The deadly effects of TTX occur because the toxin binds to the outer pore of voltage‐gated sodium channels (NaV) in muscle and nerve tissue, blocking the influx of sodium ions and preventing action potential propagation (Fozzard and Lipkind 2010; Tikhonov and Zhorov 2012). The channels comprise four homologous domains (DI‐DIV), each of which contains a pore‐loop (p‐loop) that together form the outer pore of the channel where TTX molecules bind (Terlau et al. 1991; Fozzard and Lipkind 2010; Payandeh et al. 2011; Tikhonov and Zhorov 2012; Toledo et al. 2016). TTX‐resistant mutations to the DIV p‐loop of NaV1.4 arose in a stepwise fashion within each phylogenetically distinct lineage of T. sirtalis (Fig. 1A). An I1561V change (i.e., NaV1.4V) was the first resistant substitution to arise in both California and the Pacific Northwest, followed later by more resistant mutations to the DIV p‐loop that are unique within each lineage (Hague et al. 2017). Functional expression of derived alleles from California (NaV1.4V and NaV1.4LVNV) and the Pacific Northwest (NaV1.4V and NaV1.4VA) confirms they confer increasing levels of TTX resistance to NaV1.4 (Geffeney et al. 2005). Channel‐level TTX resistance conferred by each DIV allele is tightly correlated with muscle and whole‐animal levels of resistance (Geffeney et al. 2002, 2005; Feldman et al. 2010; Hague et al. 2017). Across western populations of T. sirtalis, TTX‐resistant alleles occur at high frequency within each of the two hotspots sympatric with toxic newts, but are largely absent in surrounding “coldspots” where newts are nontoxic (Brodie et al. 2002; Hanifin et al. 2008; Hague et al. 2017).

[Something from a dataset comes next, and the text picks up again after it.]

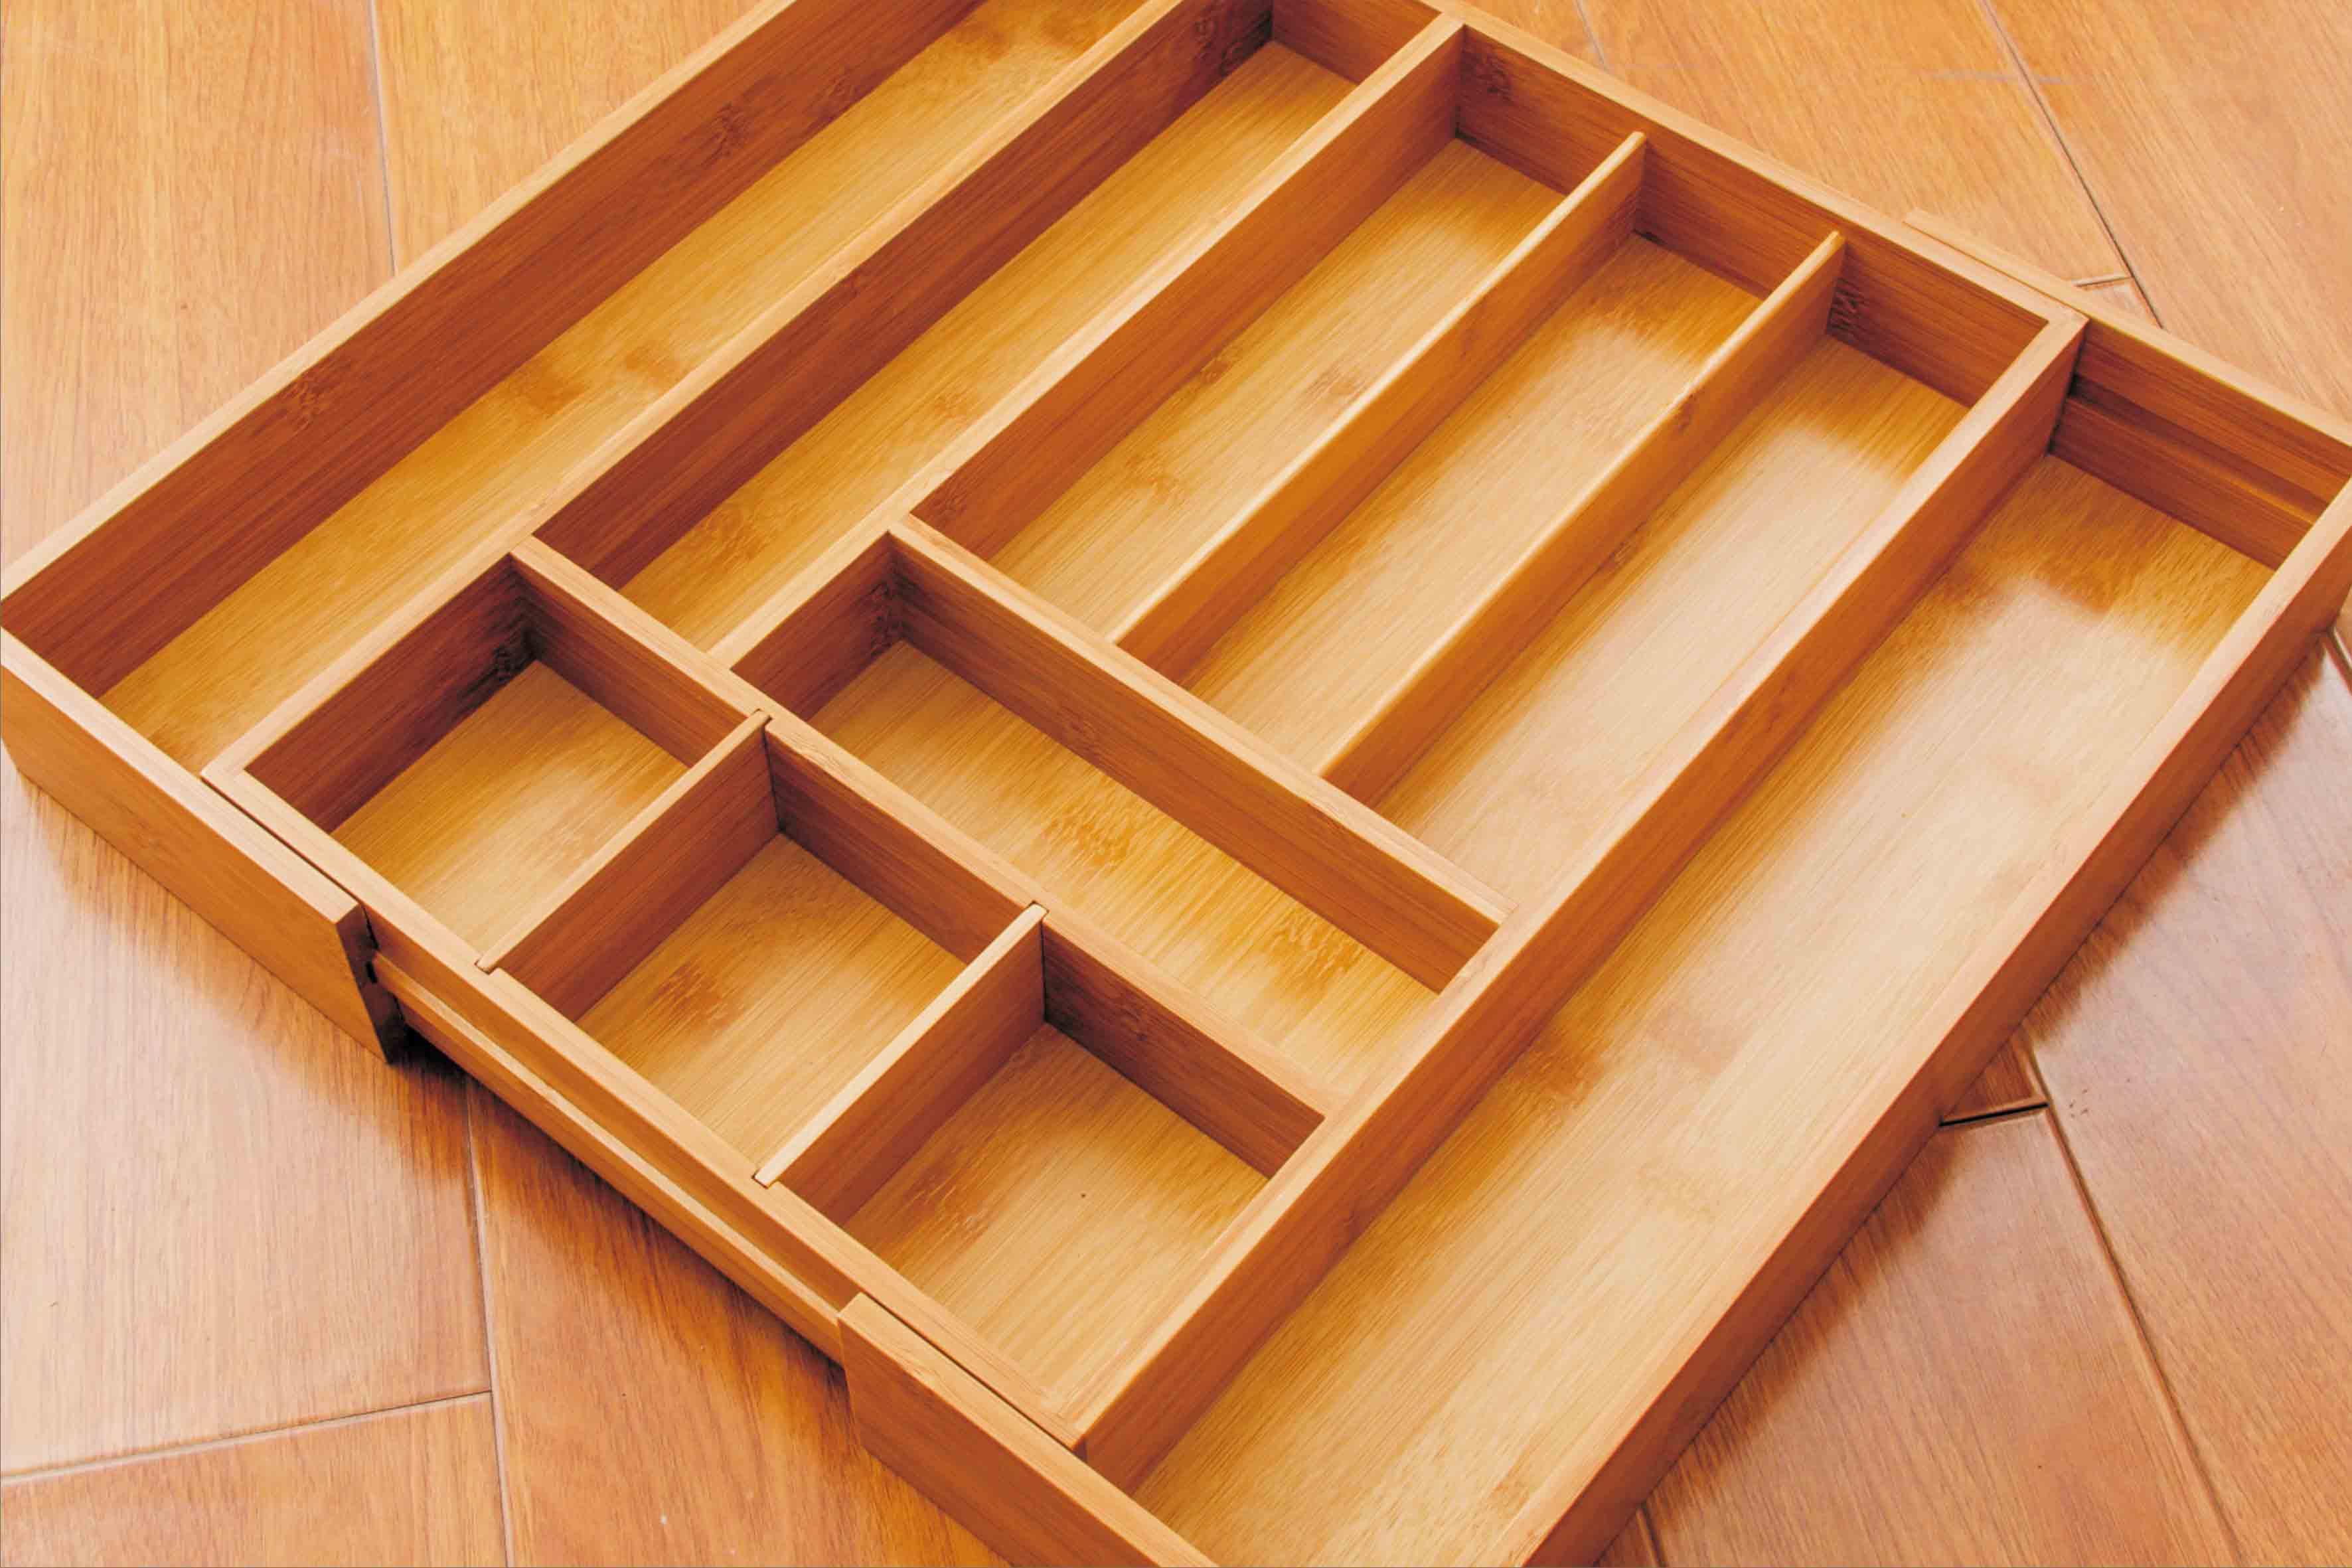 可伸缩竹制品收纳盒 单层收纳箱可摆放各种小物件

Within a few populations of garter snakes, it appears that TTX resistance is negatively correlated with locomotor performance—individuals with higher resistance crawl slower—suggesting a possible tradeoff associated with the evolution of resistance (Brodie and Brodie 1999). Crawl speed is an important measure of performance in reptiles (e.g., Shine et al. 2000; Aubret et al. 2007) and is under positive survival selection in some populations of garter snakes (Jayne and Bennett 1990). This relationship suggests that adaptation to toxic prey might come at a cost of reduced organismal performance, which also may be important in structuring broader mosaic patterns of coevolution (e.g., hotspots and coldspots). We investigated the underlying molecular basis for a putative trade‐off between TTX resistance and locomotor performance.

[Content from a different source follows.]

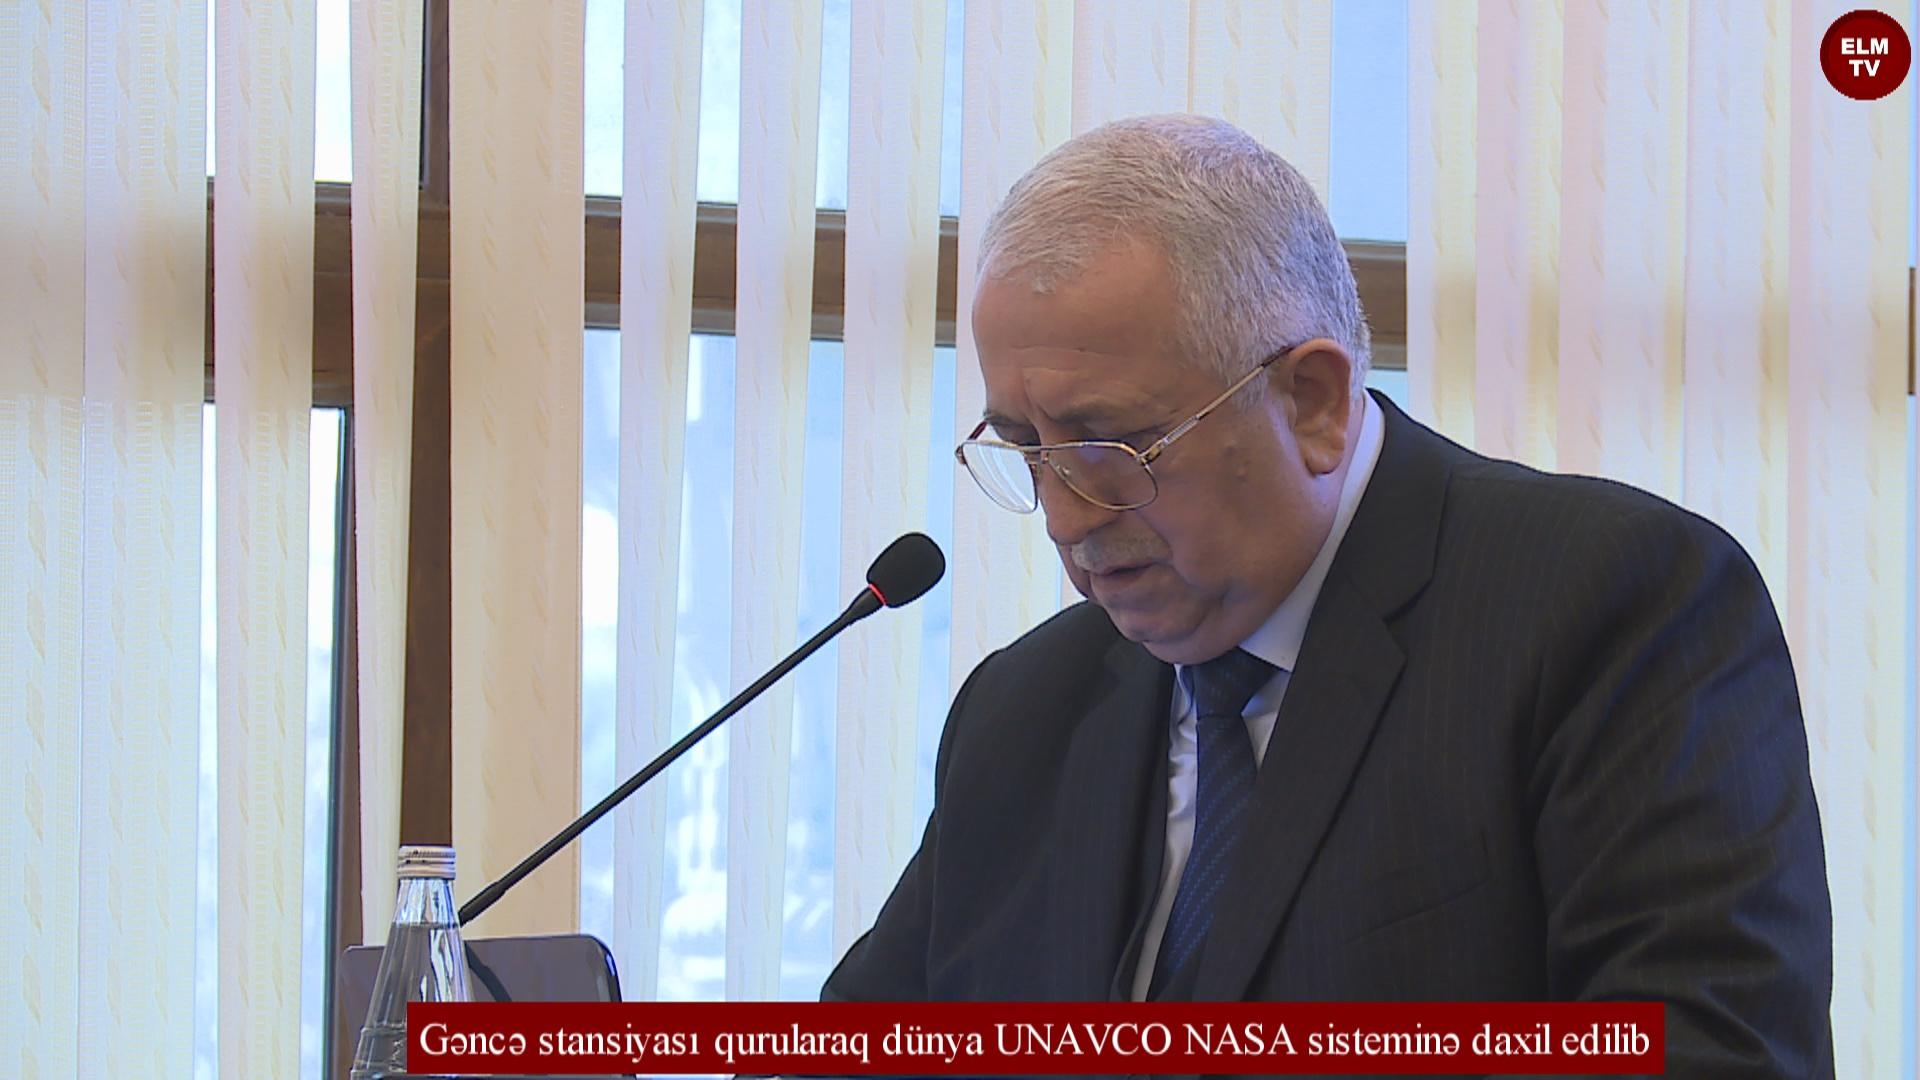 Gəncə stansiyası qurularaq dünya UNAVCO NASA sisteminə daxil edilib

Some amino acid residues in the pore of NaV1.4 that determine TTX resistance also play a conserved role in electrical signaling in skeletal muscle tissue (Goldin 2002; Tikhonov and Zhorov 2005; Lee et al. 2011; Brodie and Brodie 2015; Toledo et al. 2016). Therefore, we predicted that mutations to the DIV p‐loop that disrupt toxin‐binding would generate a functional trade‐off between TTX resistance and other phenotypes related to muscle performance. Because resistance of the NaV1.4 channel evolved twice—in California and separately in the Pacific Northwest—we were able to conduct two evolutionarily independent tests for costs associated with TTX resistance. In each lineage, we tested for a relationship between DIV p‐loop genotype and phenotypic variation in crawl speed, a whole‐animal measure of muscle performance. Then, to evaluate the presumed underlying mechanism, we functionally expressed snake NaV1.4 channels in Xenopus oocytes and tested whether derived alleles in the DIV p‐loop caused pleiotropic changes to electrophysiological properties of the channel.

Methods

CRAWL SPEED ASSAY

If TTX‐resistant mutations to NaV1.4 also disrupt skeletal muscle function, then we expected snakes with derived genotypes in the DIV p‐loop to have reduced crawl speed compared to those with the ancestral, nonresistant channel. To test for a relationship between DIV genotype and crawl speed, we collected genotypic information from neonate snakes for which phenotypic variation in TTX resistance and crawl speed were previously collected (Brodie et al. 2002; Feldman et al. 2010; Hague et al. 2017). The final datasets included 77 neonate snakes from seven populations in California and 95 neonates from 11 populations in the Pacific Northwest at sites that co‐occur with Taricha newts (Fig. 1B, Table S1). These neonates were born in the lab to wild‐caught females, providing a uniformly aged sample of variation in crawl speed that was largely unexposed yet to postnatal selection.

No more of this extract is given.